Many were used in bike spokes, others as coasters. A few survived.
One went to auction, bringing the price of $643. It was purchased by NHL enforcer/goon Andre Fullov (Philadelphia Flyers). The card, in more than pristine condition, is now known as the Fullov Schmidt card and was recently sold to a private collector for $1,500.
This is where Beckett got their price. Where they get their other prices, Heaven only knows.
The card has transcended any tangible value and is now part of the collective part of Americana that it is priceless.
Ben McDonald
Roger Salkeld
Scott Erickson
Royce Clayton
Woody Williams
USC Football great Al Martin
Brian McRae
Mark Lewis
Essay (I think the points have already been given, but I still need to regurgitate what I learned in Economics 101 over 25 years ago)

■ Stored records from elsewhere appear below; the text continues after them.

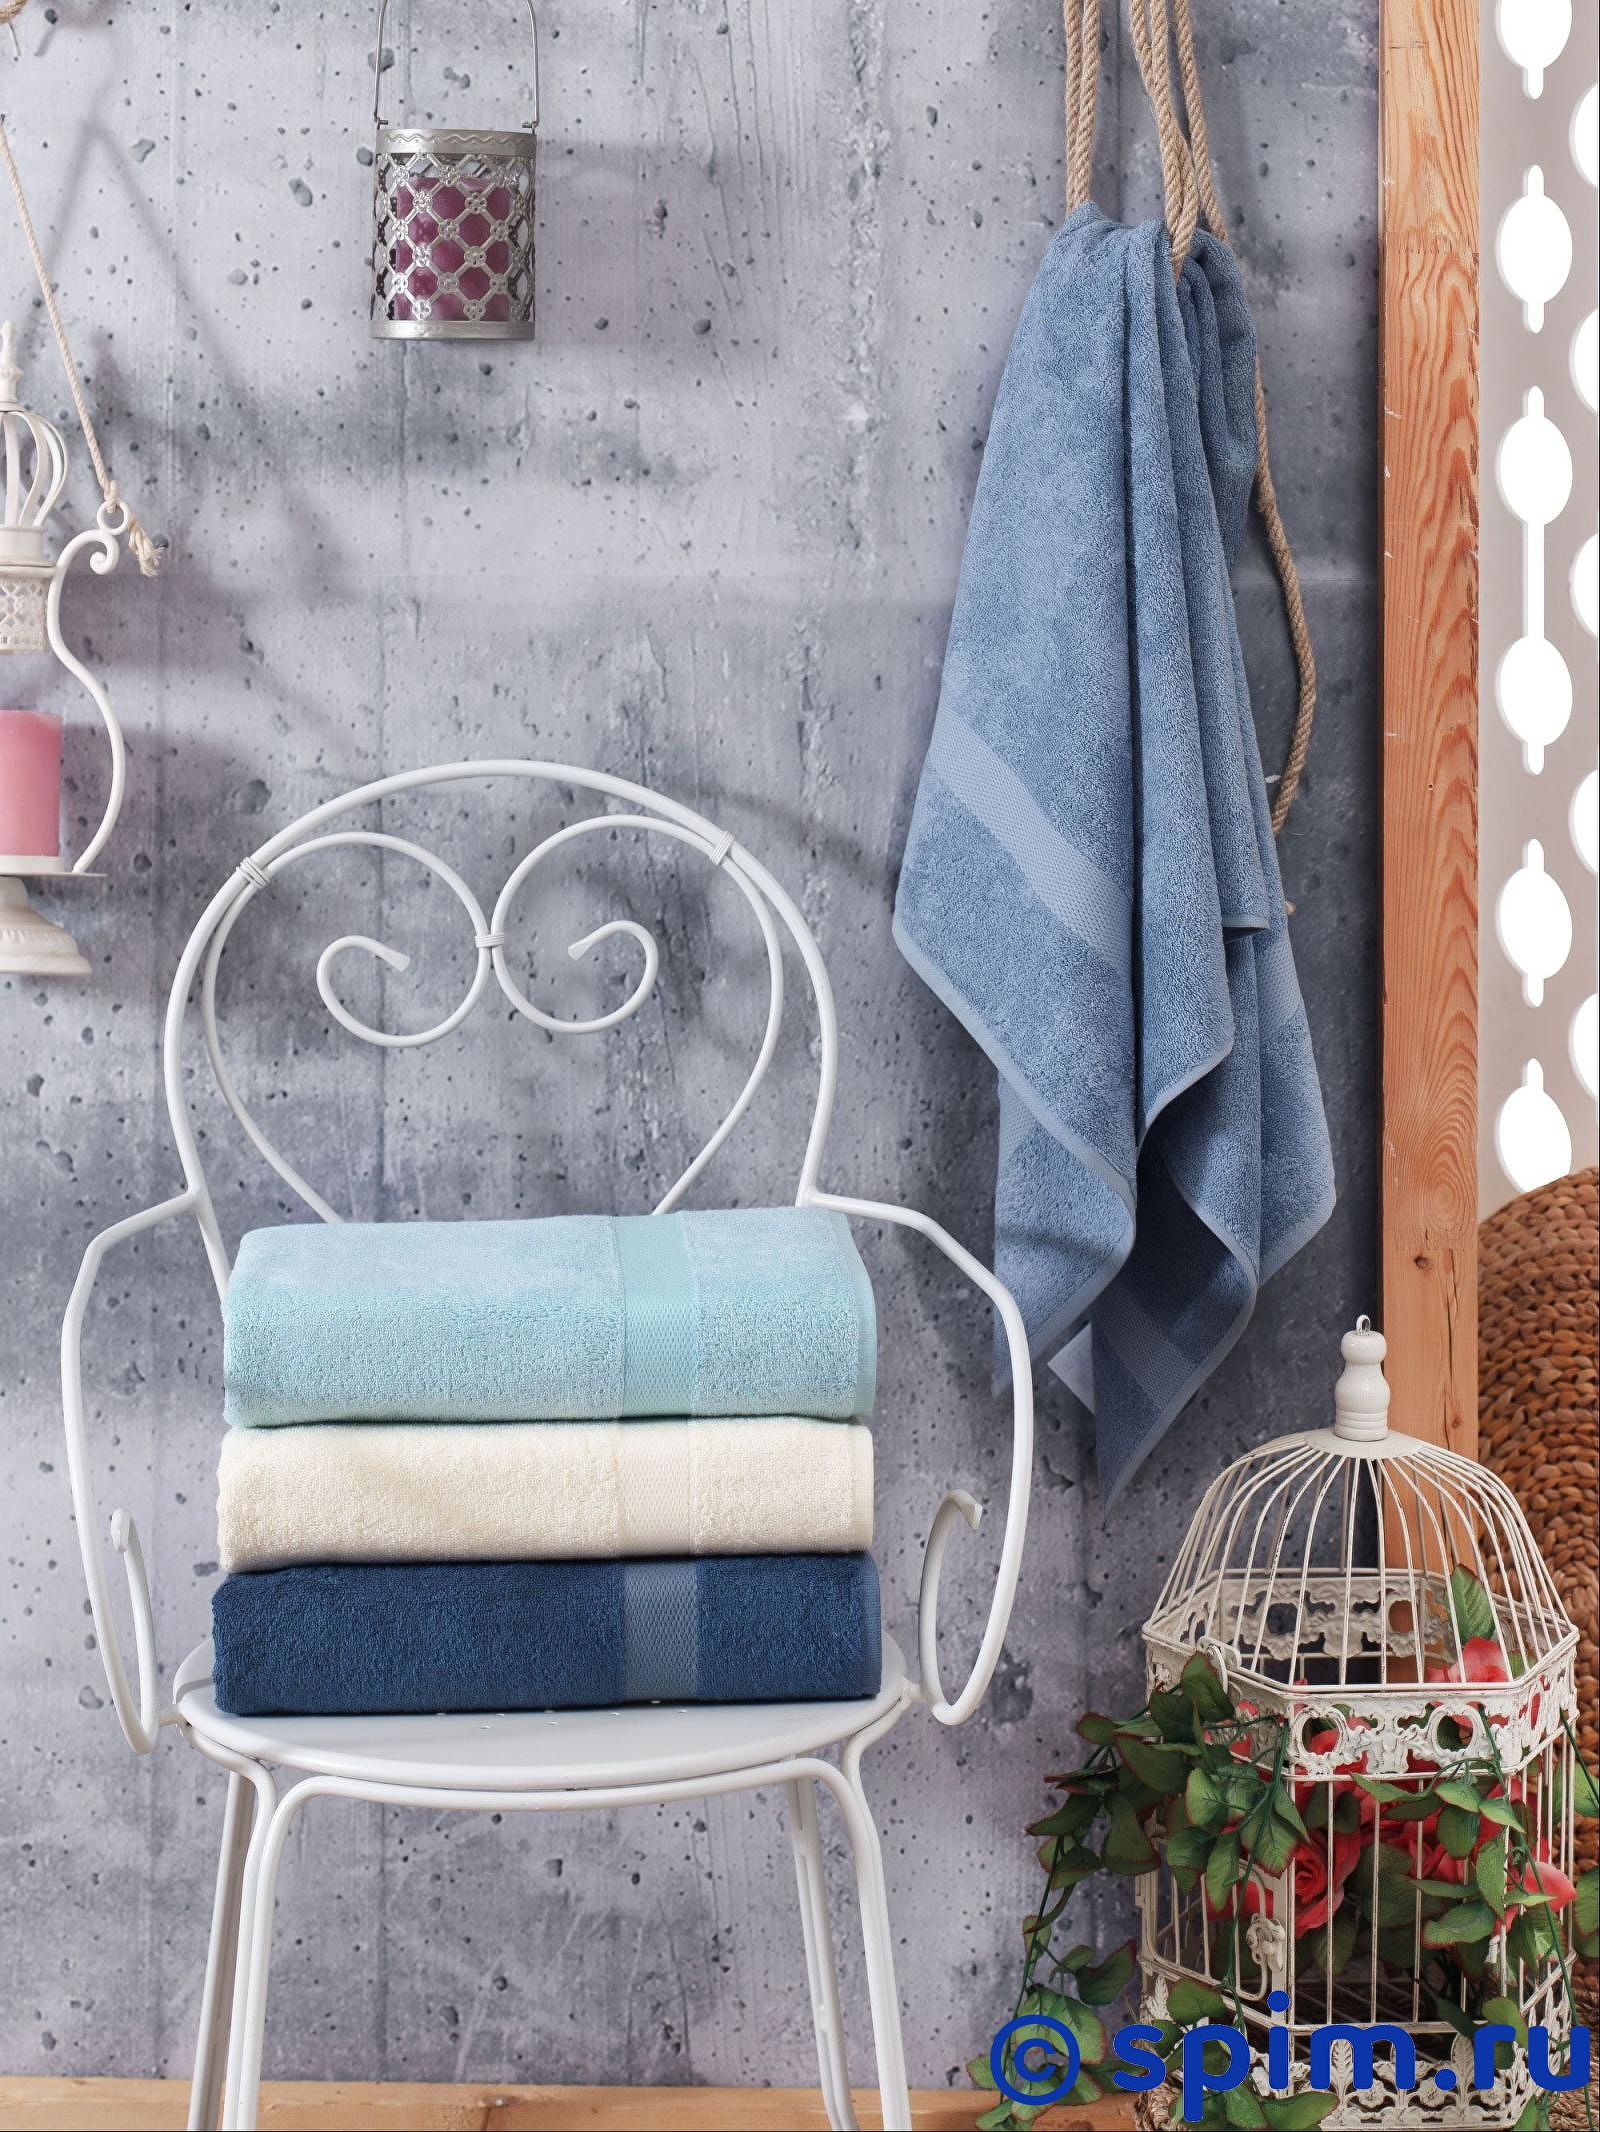 Набор из 4-х полотенец Do&co Olivi 70х140 см полотенца do n co полотенце lady цвет мятный набор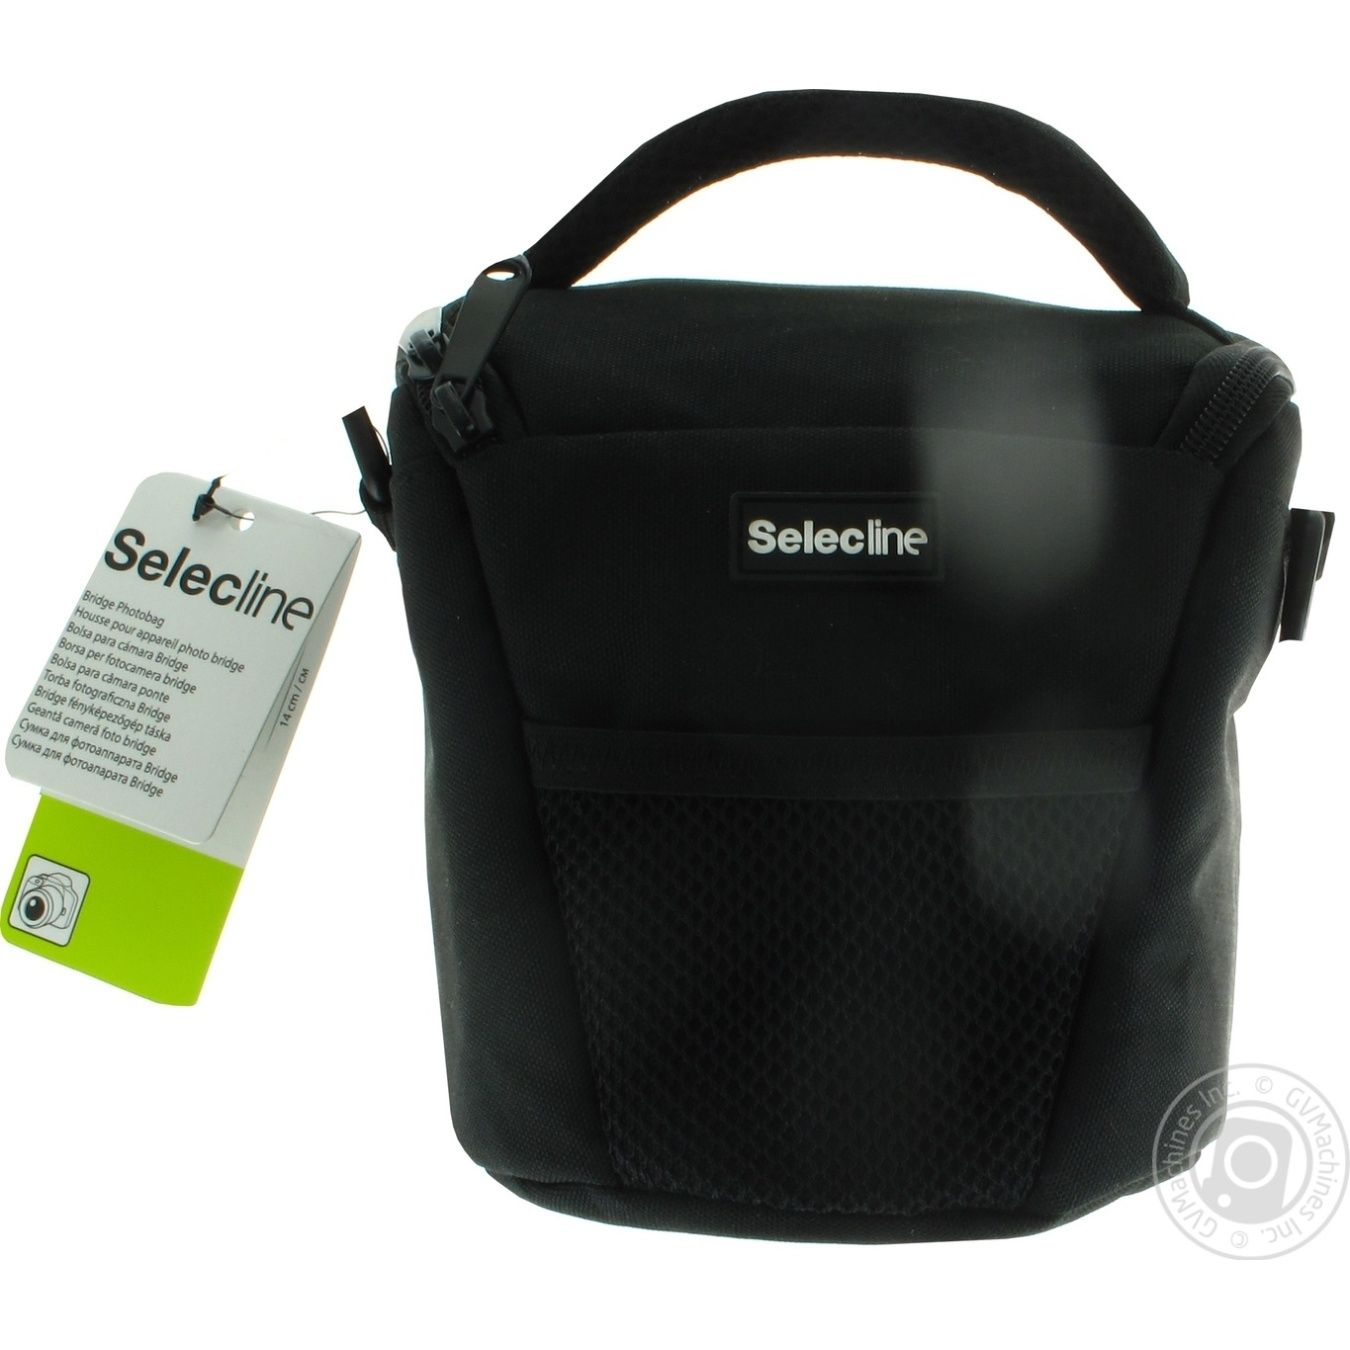 6da791d0fc2d корзины, коробки, пакеты — Auchan Интернет Магазин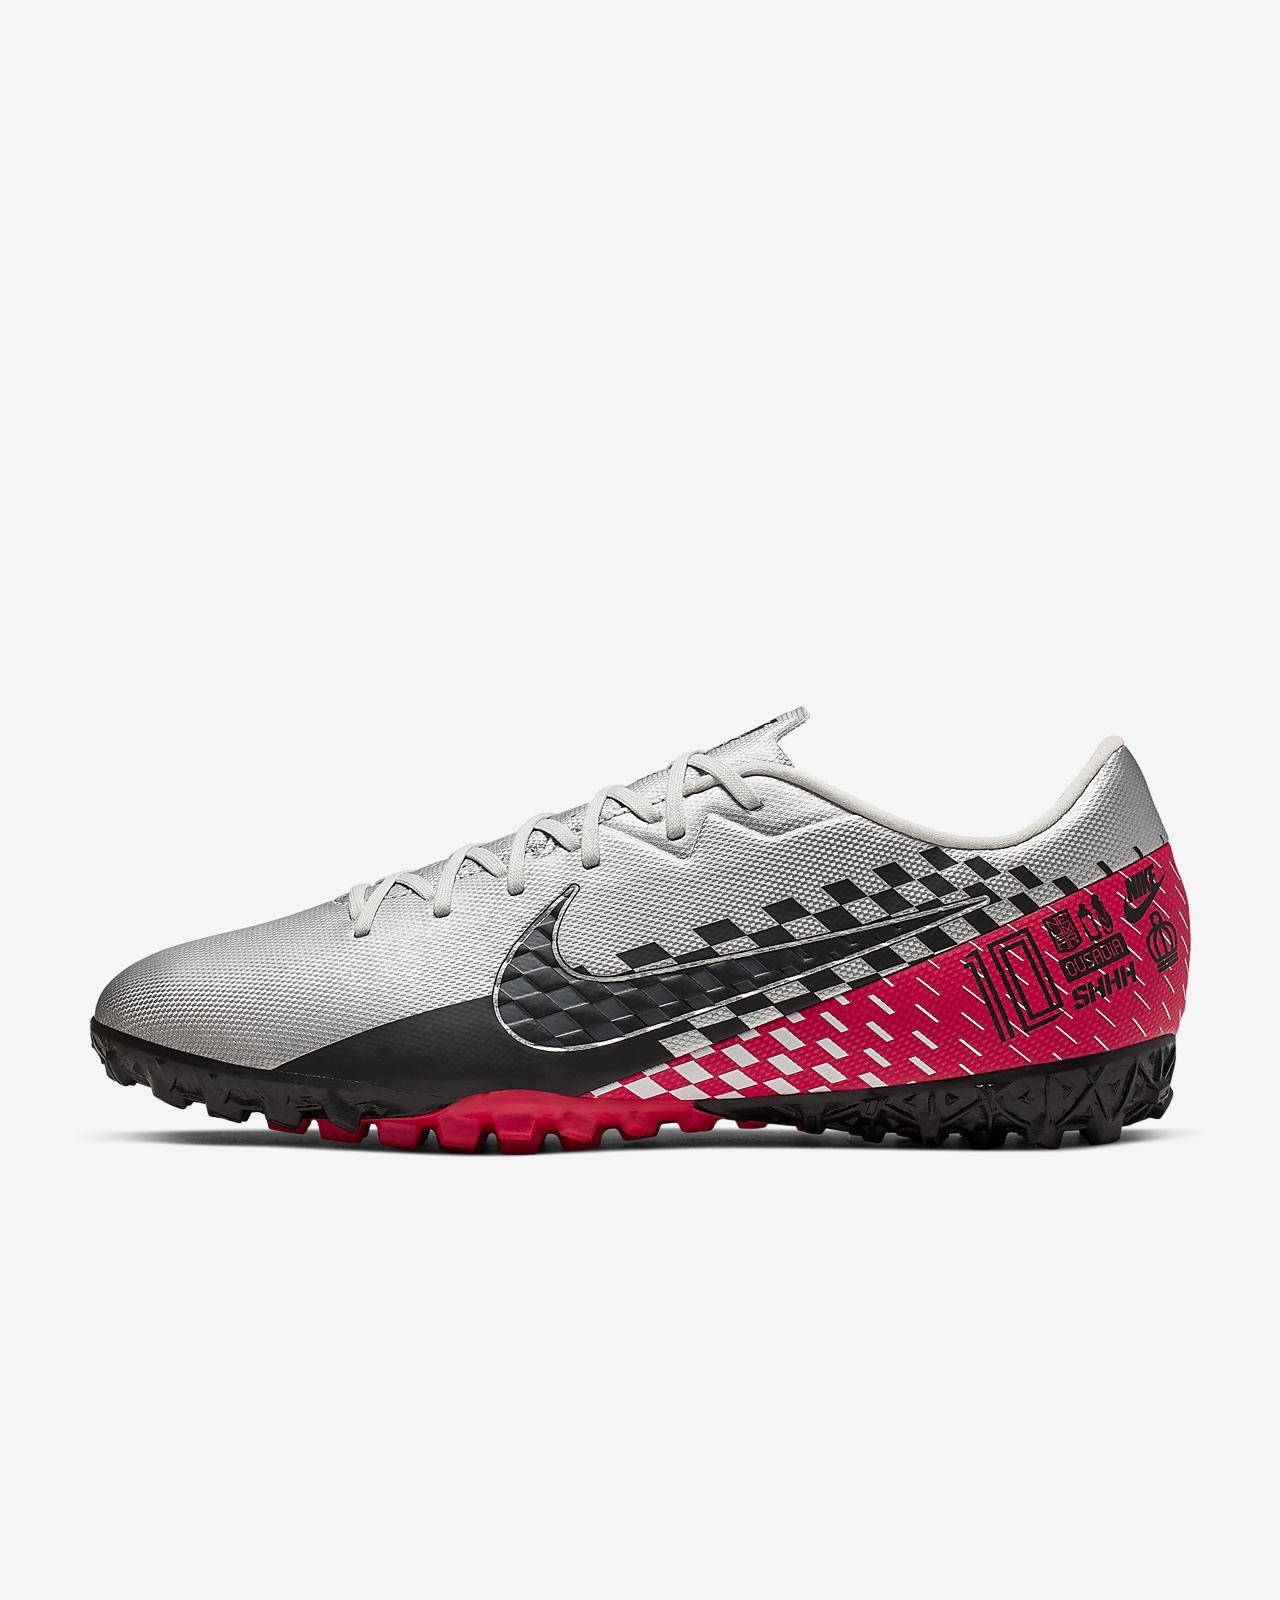 Nike Mercurial Vapor 13 Academy Neymar Jr. TF 人工草地足球鞋

The value of the Reading Mike Schmidt card is largely driven by the basic economic principles of supply and demand. In the early 1970's there was not a great demand for cards of the stars of the Reading Phillies (such as Schmidt, Greg Luzinski, Mike Anderson and Wayne Twitchell). Therefore there were only a few hundred (or few thousand) cards produced. Demand, however, spiked once (1) Schmidt became a superstar and Hall of Famer and (2) the card industry decided to put some artificial value on a player's first card.
The reason no card from 1991 Classic Best Minor League set will reach those heights is (1) it was a national, rather than regional issue, meaning there is (2) plenty of supply out there, just like every other card set produced between 1987-1992. Furthermore, there are no players from that set who have achieved the status of Hall of Famer. In short, Adam Smith says the supply will never be so short or the demand so high that any rookie card from the 1991 Classic Best will reach a value of $1,500 unless and until the dollar is devalued to the point that a single postage stamp costs $4,500.
Yesssss
MMayes got a few of the players and nailed the essay question. Two Points for Gryffindor! I mean MMayes!